X-ray detection is generally recognized as a more robust way to obtain a uniformly selected AGN sample with lower luminosities (Lbol ∼ 1044–46 erg s−1) and with a significant fraction of obscured sources with respect to optical surveys. This means that while deep X-ray AGN samples are from square-degree area surveys, sampling moderate luminosity AGNs, optical quasars are from thousands of square degree surveys, sampling rare and high luminosity AGN events. Thanks to Chandra and XMM-Newton surveys, large samples of X-ray AGNs are available and clustering measurements of moderate luminosity AGNs are now possible with a precision comparable to that achievable with quasar redshift surveys.

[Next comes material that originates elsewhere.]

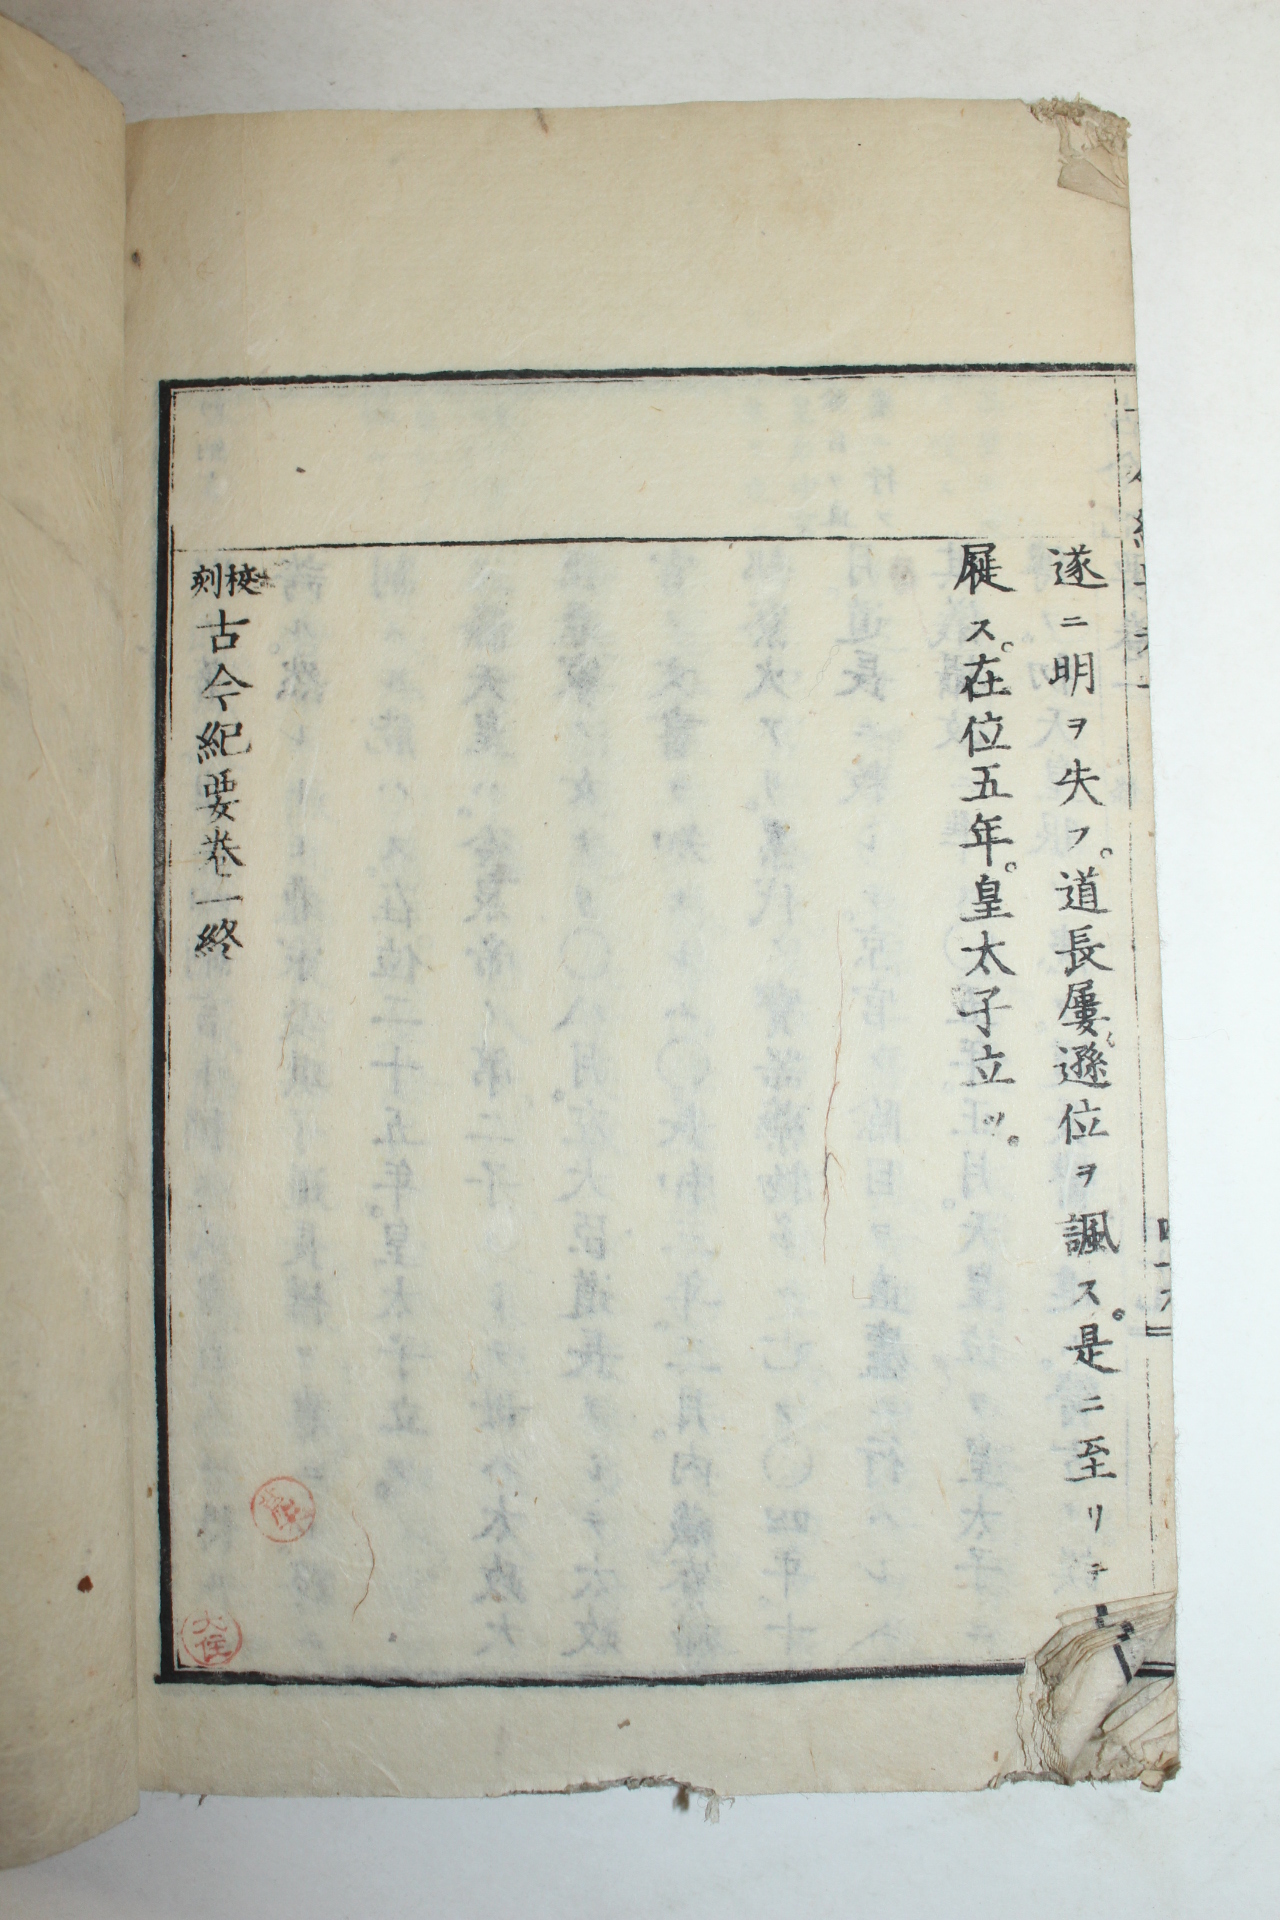 1880년 일본목판본 교각고금기요(古今紀要) 권1  1책
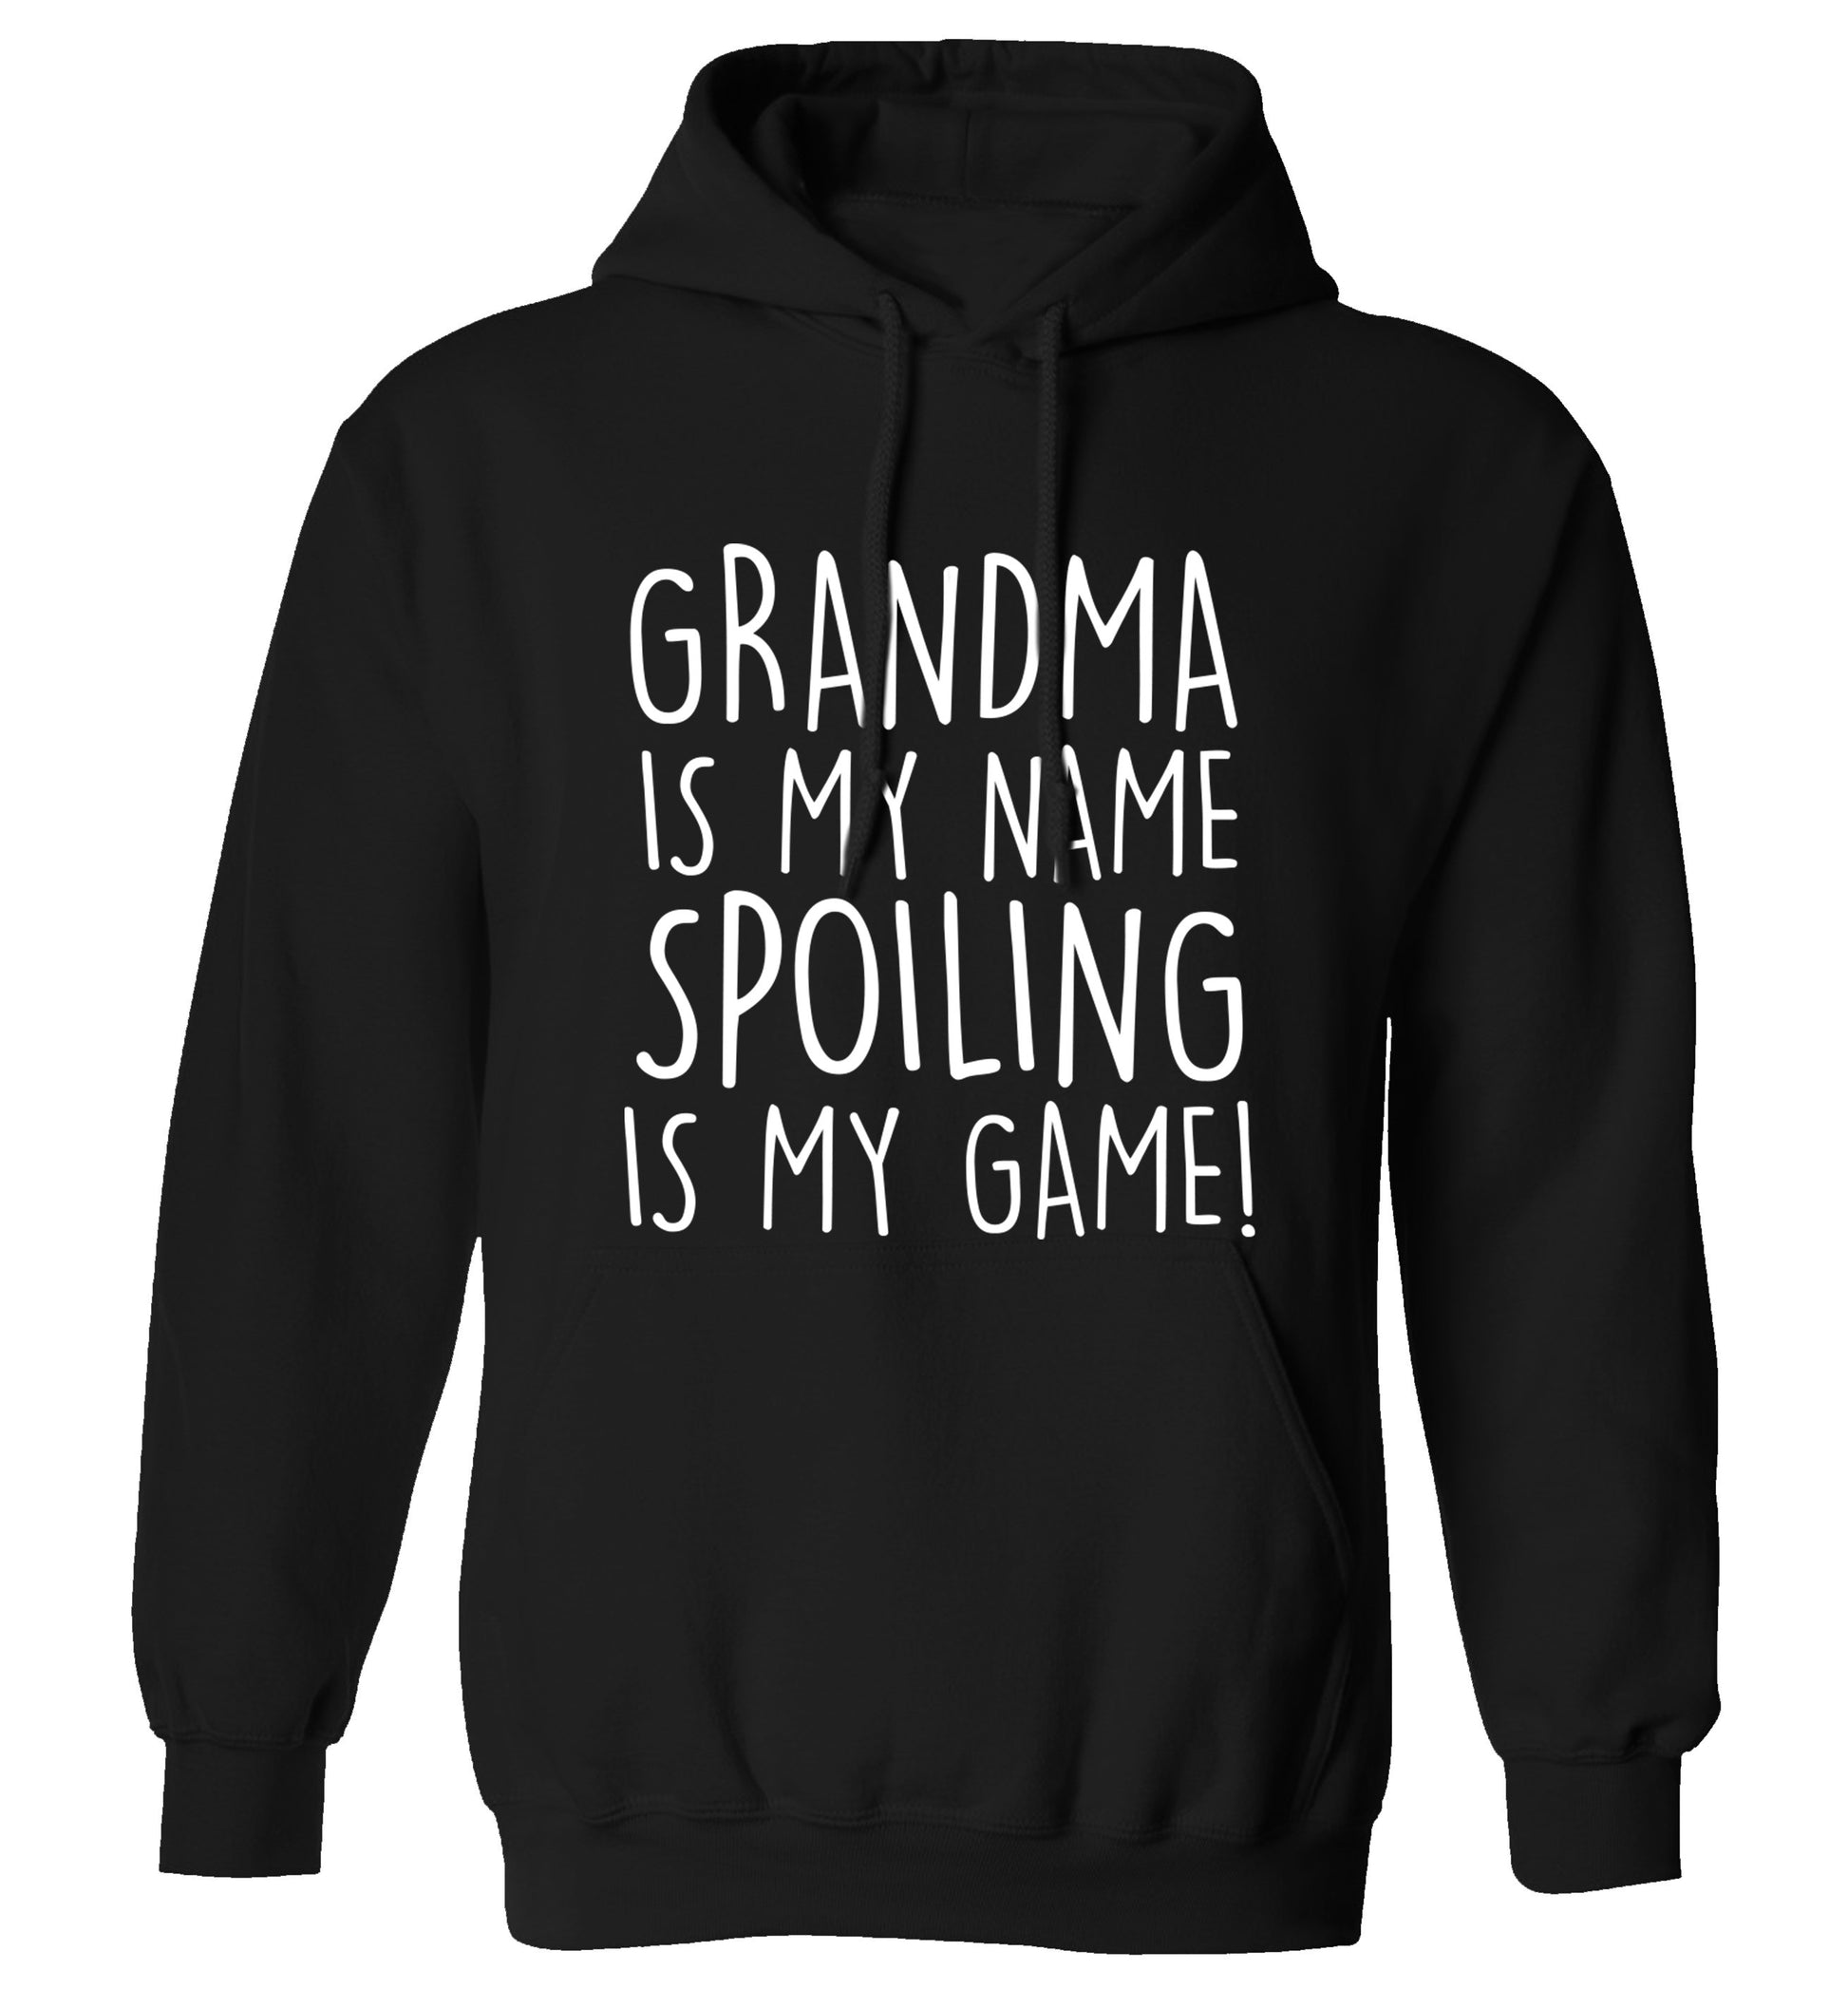 Grandma is my name, spoiling is my game adults unisex black hoodie 2XL

Measurements of the spatial clustering of X-ray AGNs show that they are located in galaxy group-sized DMHs with log Mh = 13–13.5 h−1M at low (∼0.1) and high (∼ 1–2) redshift (e.g., Hickox et al. 2009; Cappelluti et al. 2010; Allevato et al. 2011; Krumpe et al. 2010, 2012; Mountrichas et al. 2013; Koutoulidis et al. 2013).

The fact that DMH masses of this class of moderate luminosity AGNs are estimated to be, on average, 5–10 times larger than those of luminous quasars has been interpreted as evidence against cold gas accretion via major mergers in those systems (e.g., Allevato et al. 2011; Mountrichas & Georgakakis 2012). Additionally, it has been explained as support for multiple modes of BH accretion (cold versus hot accretion mode; e.g., Fanidakis et al. 2013a). However, this difference, which may not be present at z  < 0.7 (Krumpe et al. 2012), does not yet have a good explanation.

On the other hand, several works on the morphology of the AGN host galaxies suggest that, even at moderate luminosities, a large fraction of AGNs is not associated with morphologically disturbed galaxies. This trend has been observed both at low (z ∼ 1, e.g., Georgakakis et al. 2009; Cisternas et al. 2011) and high (z ∼ 2, e.g., Schawinski et al. 2011; Kocevski et al. 2012) redshift.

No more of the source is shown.